» **Your goal**:
Spot each line in the data below containing "Denim" and copy it.

» **Records supplied**:
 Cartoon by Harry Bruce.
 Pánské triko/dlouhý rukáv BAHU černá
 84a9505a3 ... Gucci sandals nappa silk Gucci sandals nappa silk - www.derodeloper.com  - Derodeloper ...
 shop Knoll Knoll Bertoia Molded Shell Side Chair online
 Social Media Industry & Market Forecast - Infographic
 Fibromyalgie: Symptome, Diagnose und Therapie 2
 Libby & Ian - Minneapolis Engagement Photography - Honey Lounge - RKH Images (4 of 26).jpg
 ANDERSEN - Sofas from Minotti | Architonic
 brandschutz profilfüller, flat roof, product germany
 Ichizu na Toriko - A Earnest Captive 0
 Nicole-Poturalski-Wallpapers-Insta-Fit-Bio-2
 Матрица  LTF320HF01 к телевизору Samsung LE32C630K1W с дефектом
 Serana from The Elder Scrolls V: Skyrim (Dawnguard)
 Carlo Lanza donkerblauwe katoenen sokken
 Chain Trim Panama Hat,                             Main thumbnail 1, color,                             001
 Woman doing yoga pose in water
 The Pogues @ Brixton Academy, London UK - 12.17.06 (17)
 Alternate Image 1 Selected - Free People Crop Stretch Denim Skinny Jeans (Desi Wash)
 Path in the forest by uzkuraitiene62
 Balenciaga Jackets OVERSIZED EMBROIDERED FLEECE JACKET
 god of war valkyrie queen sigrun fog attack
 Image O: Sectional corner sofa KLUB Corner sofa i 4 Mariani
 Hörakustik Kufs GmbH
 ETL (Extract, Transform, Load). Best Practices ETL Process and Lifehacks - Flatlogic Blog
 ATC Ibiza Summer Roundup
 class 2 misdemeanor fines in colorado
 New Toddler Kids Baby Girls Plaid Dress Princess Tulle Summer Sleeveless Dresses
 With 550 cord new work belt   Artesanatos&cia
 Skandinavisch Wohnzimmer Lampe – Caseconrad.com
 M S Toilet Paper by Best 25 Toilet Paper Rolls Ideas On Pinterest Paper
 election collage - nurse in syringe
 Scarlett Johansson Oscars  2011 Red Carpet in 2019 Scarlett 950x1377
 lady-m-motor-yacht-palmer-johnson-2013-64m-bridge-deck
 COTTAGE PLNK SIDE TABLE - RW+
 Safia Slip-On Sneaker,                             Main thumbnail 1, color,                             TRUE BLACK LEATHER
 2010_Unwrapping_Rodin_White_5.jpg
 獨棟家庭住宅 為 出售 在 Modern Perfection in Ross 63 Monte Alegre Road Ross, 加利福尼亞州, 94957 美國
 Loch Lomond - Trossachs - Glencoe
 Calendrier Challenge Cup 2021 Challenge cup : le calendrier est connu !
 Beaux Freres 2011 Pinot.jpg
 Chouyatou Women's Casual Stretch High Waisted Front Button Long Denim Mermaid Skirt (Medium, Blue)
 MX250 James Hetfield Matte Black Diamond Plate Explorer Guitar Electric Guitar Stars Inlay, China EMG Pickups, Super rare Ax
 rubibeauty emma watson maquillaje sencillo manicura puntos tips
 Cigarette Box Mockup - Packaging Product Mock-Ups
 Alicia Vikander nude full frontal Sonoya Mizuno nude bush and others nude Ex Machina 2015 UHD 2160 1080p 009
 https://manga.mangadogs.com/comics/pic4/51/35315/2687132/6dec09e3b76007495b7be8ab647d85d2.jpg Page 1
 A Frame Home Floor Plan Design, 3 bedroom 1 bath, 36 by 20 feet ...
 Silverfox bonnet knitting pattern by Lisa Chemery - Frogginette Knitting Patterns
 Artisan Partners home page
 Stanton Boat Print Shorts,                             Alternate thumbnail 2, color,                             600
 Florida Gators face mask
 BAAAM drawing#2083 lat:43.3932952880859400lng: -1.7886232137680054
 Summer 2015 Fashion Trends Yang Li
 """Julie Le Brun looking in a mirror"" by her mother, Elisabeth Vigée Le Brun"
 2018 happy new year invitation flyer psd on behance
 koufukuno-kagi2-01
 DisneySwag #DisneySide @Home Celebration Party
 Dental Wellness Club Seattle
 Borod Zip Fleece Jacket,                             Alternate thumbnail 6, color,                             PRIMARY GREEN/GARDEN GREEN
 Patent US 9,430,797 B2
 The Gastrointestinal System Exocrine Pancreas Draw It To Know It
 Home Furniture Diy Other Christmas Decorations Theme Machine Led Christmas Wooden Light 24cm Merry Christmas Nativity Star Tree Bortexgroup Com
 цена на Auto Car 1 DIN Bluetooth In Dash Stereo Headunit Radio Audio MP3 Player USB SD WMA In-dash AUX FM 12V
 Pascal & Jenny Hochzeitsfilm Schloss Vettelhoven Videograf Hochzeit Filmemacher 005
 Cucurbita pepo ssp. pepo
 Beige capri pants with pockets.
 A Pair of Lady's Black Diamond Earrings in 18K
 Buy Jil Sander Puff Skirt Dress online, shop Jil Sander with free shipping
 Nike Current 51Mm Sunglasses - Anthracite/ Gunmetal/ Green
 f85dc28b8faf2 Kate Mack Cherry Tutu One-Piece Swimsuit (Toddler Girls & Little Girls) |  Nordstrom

» **Written response**:
 Alternate Image 1 Selected - Free People Crop Stretch Denim Skinny Jeans (Desi Wash)
 Chouyatou Women's Casual Stretch High Waisted Front Button Long Denim Mermaid Skirt (Medium, Blue)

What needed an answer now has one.